A young boy wears a skull mask for Halloween and stands in front of a World War II memorial
The Skull: “Behind this kid wearing a skull mask is a Navy memorial to people who died during World War II—it says ‘For God and Country.’ That to me is a really emotional picture,” Racioppo says. “While I was doing this, someone covered my back with shaving cream—a ghost, one of the skull’s friends. When I got home, my girlfriend said, ‘What’s this?’ I took off my coat and said, ‘They got me!’ But I thought it was hysterical. It made me feel like, oh man, I’m 12 years old again, they got me with shaving cream!”

Ever since 1974, Racioppo says he’s had an easy rapport with the neighborhood kids, who took to calling him “Picture Man,” a nickname he says he took as a great compliment.

In October 1979, the Village Voice featured eight of Racioppo’s Halloween images, and the following year, Scribner’s published Halloween, his first book.

“That was really my first notch up,” he says, noting that it helped launch his decades-long career in photography. From the late 1980s until 2011, he was a staff photographer for the city’s Department of Housing Preservation and Development, and he has earned several grants, including a Guggenheim Fellowship, for his own work documenting the urban landscape.

“Part of what I do is about stuff disappearing,” he once told The New York Times.
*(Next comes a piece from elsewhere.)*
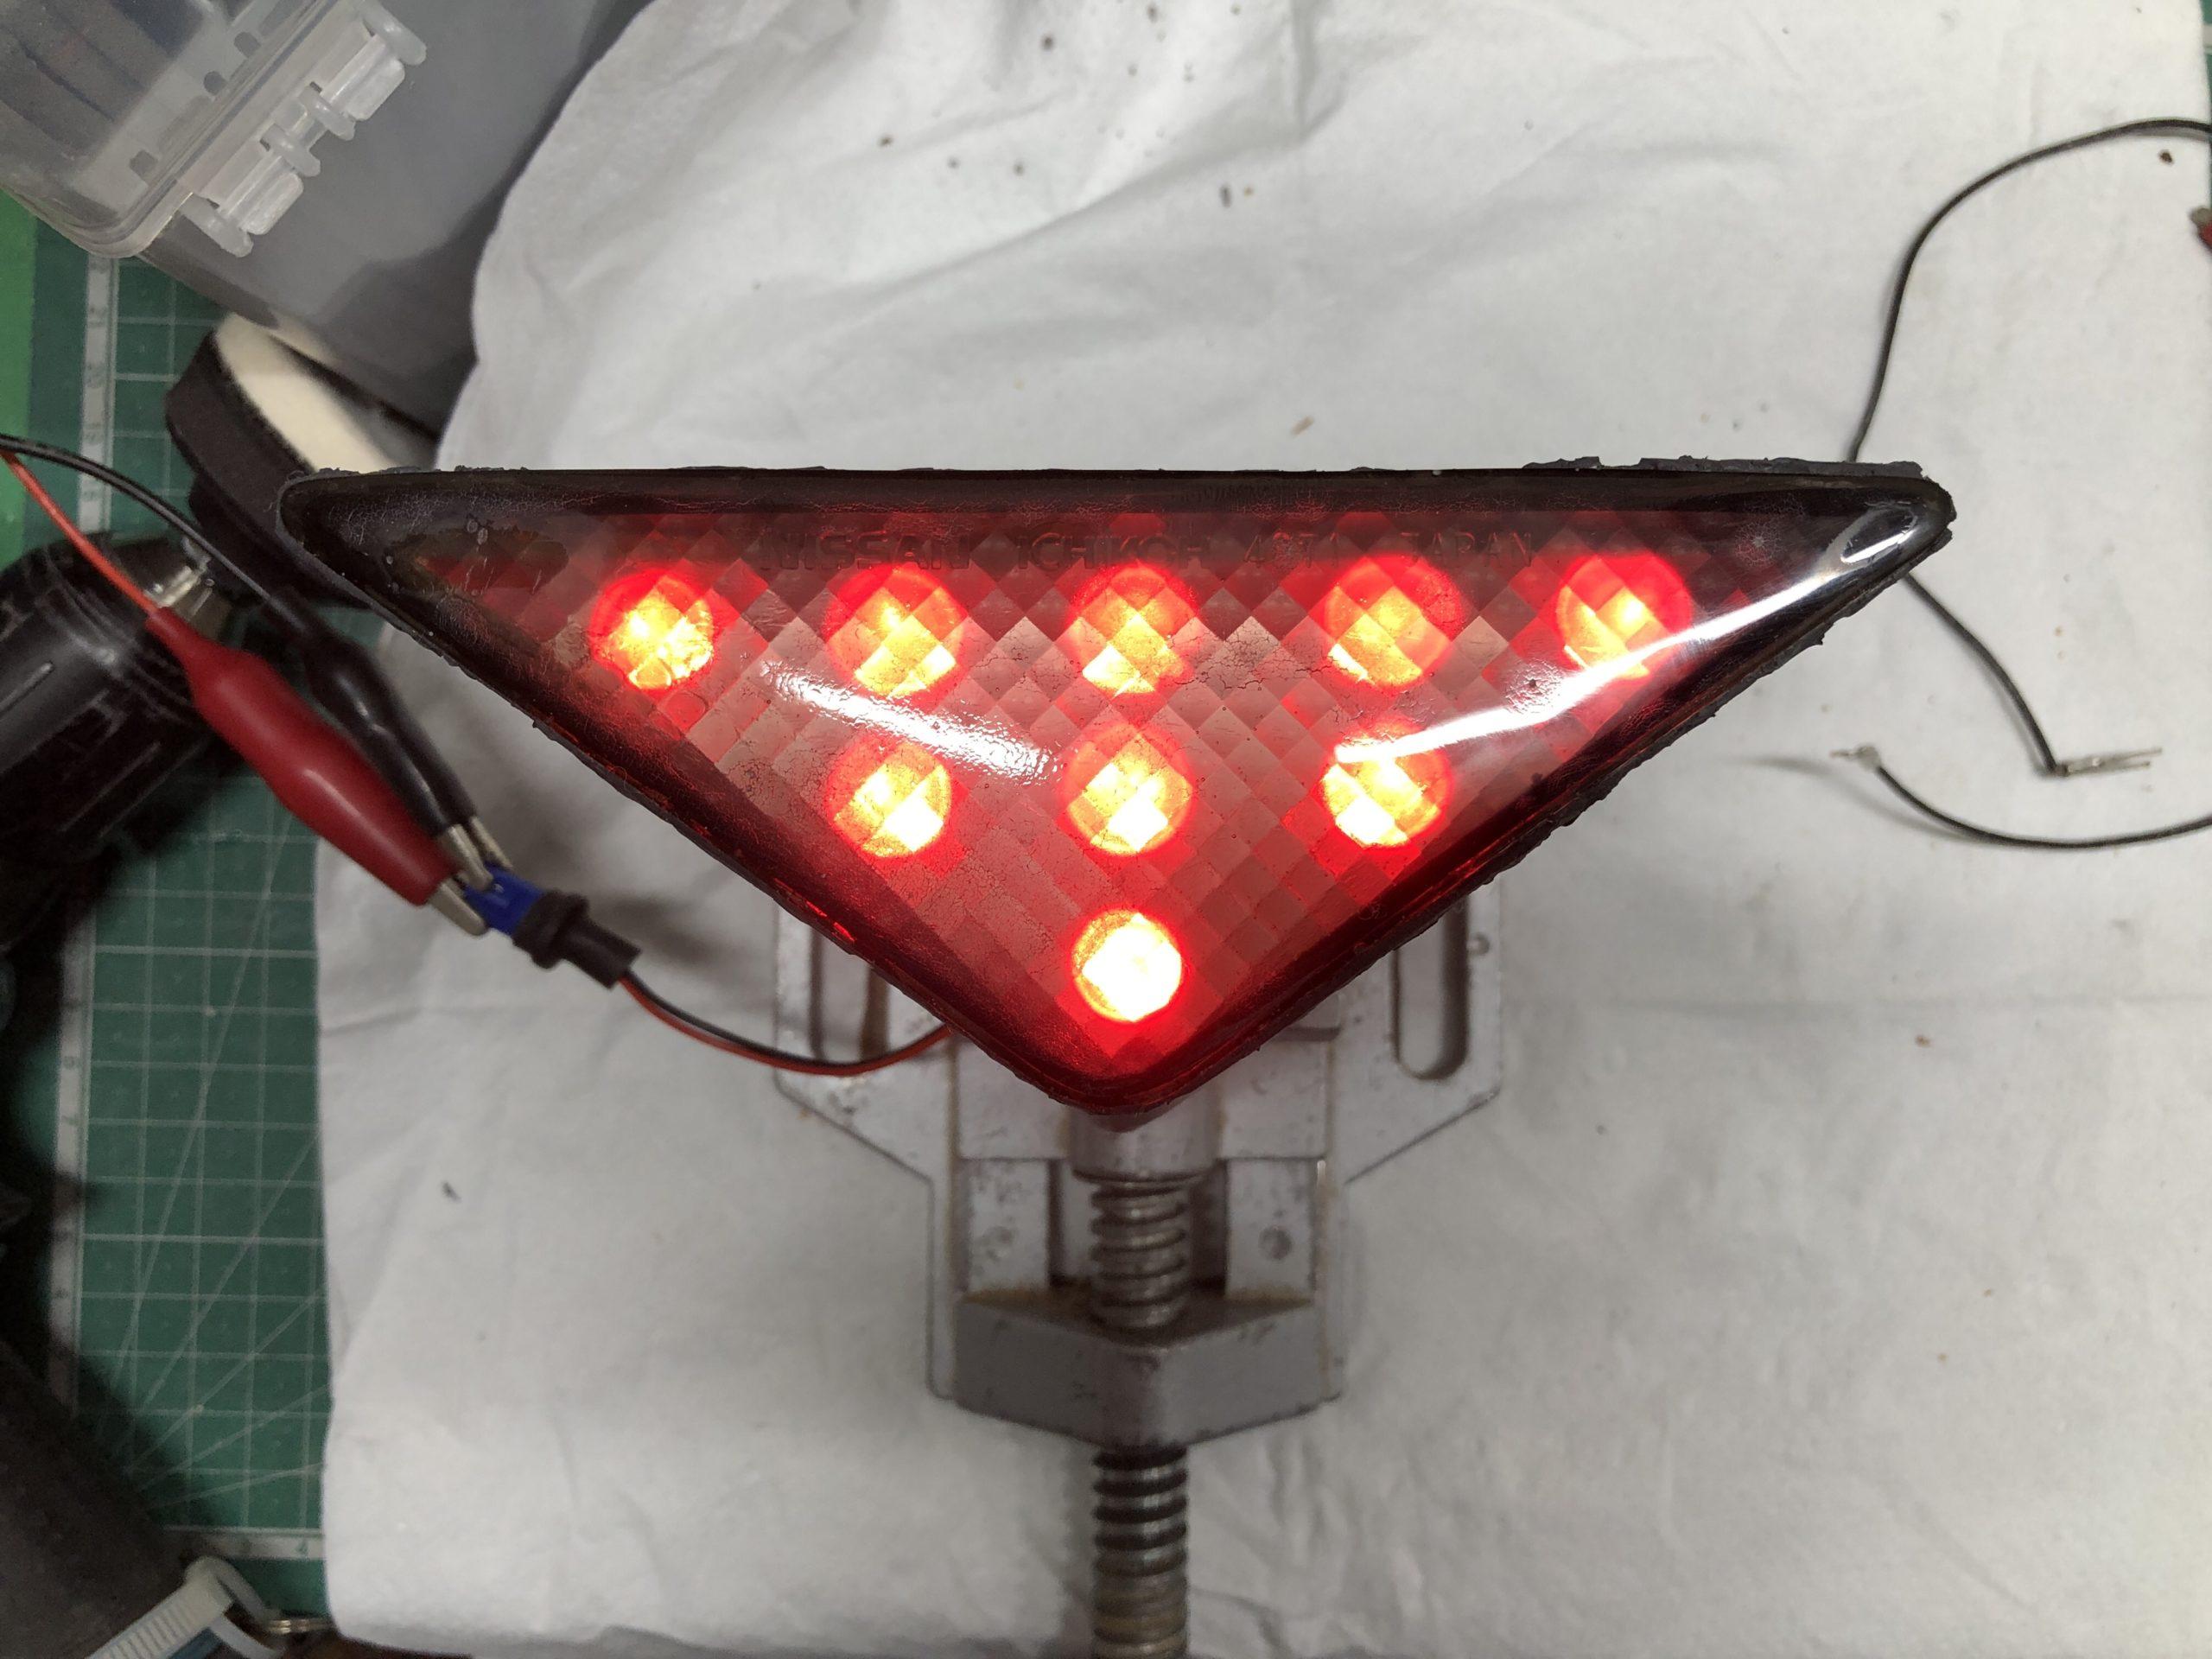 S15-Silvia-ハイマウントストップランプ 点灯確認

That’s an explicit theme of his latest book, Brooklyn Before: Photographs, 1971–1983, published last month by Cornell University Press.

The book highlights working-class families—most of them Italian American, Irish American, and Puerto Rican—as they go about their daily lives, celebrating Catholic sacraments and holidays, playing stickball and congas on the sidewalk, hanging out on stoops and fire escapes, posing with boom boxes in front of graffiti-tagged walls, and taking part in patriotic parades and religious processions.

“I did not know it at the time, but I was recording a part of Brooklyn that would soon be remade by gentrification,” Racioppo writes in the book’s preface. “Slowly but surely, the residential ‘gold rush’ expanded south from Park Slope … toward Green-Wood Cemetery,” driving up rents and home prices, and driving out many working-class families.

Brooklyn Before features a handful of the Halloween photos that helped launch Racioppo’s career. Today, he lives in the Rockaways, where he has continued photographing trick-or-treaters on Halloween. This year, however, he says he may head back to Brooklyn to meet up with his grandsons in Park Slope, where, although the times have changed, the spirit of the holiday is still strong.

“They’re 8 and 6 years old now. They won’t just get a chalk bag and run around till dark by themselves. They’ll go to supervised play or an after-school Halloween celebration,” he says, like the annual children’s parade. “Halloween is always fun. There are so many great things about it.”